(NaturalNews) A recent study published in the journal Pediatrics suggests that administering one or more of the five "Ss" — swaddling, side/stomach position, shushing, swinging, and sucking — to babies in conjunction with their childhood vaccine regimens can help alleviate the physical and emotional stress typically brought about by this highly-invasive medical tradition.
Though these measures do absolutely nothing to address the potential neurological damage caused by vaccines, researchers say they can "soothe" babies and help them to stop crying. According to Dr.
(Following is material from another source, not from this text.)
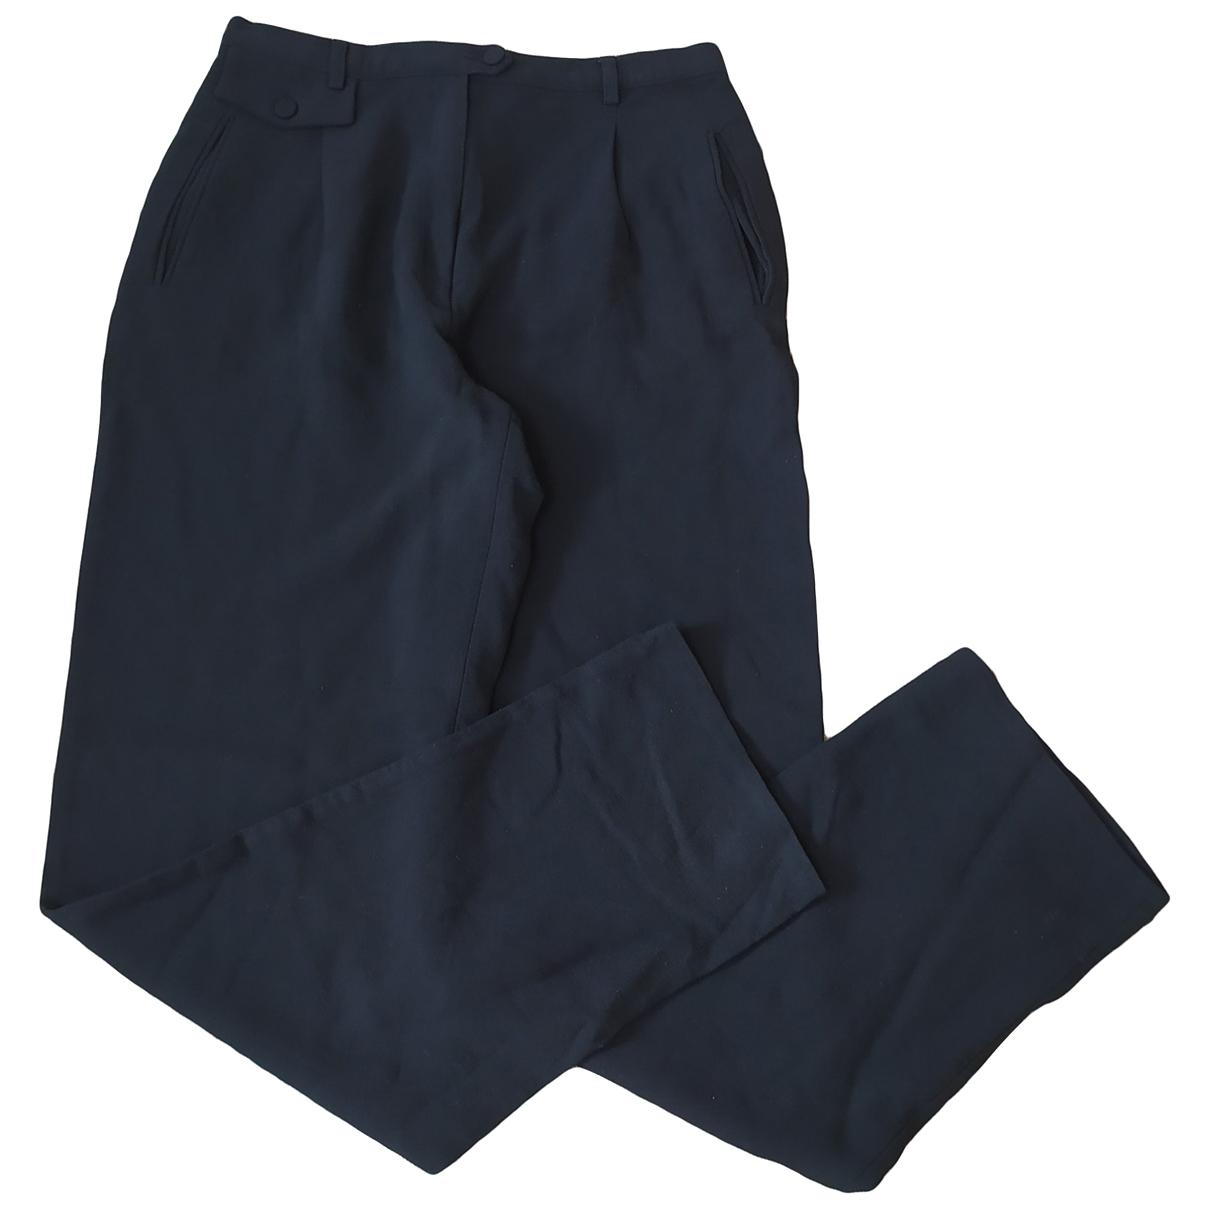 Pantalon largo de Lana Emporio Armani

John W. Harrington from Eastern Virginia Medical School and Children's Hospital of the King's Daughters in Norfolk, the methods serve as a "distraction" from the pain caused by the needles.
For their study, Harrington and his colleagues divided 234 two- and four-month-old babies into four study groups, two of which received the five Ss after their vaccinations. They found that those who received these interventions experienced less visible pain, grimacing, and frowning, according to Reuters, and they cried less.
But as good as it might be to effectively comfort a child who has just been bombarded with dozens of vaccine injections, no amount of physical comfort will mitigate the damage being done to babies' brains by vaccines. The combination diphtheria, pertussis and tetanus shot, also known as DPT, for instance, is known to cause severe and permanent brain damage in some children.
Brachial neuritis, chronic inflammatory demyelinating polyneuropathy (CIDP), complex regional pain syndrome (CRPS), Guillain-Barre syndrome (GBS), multiple sclerosis, narcolepsy, Opsoclonus-Myoclonus syndrome (OMS), trigeminal neuralgia, and transverse myelitis are among the many neurological side effects that can be caused by vaccines. And none of these conditions, of course, can be mitigated with a pacifier or a blanket.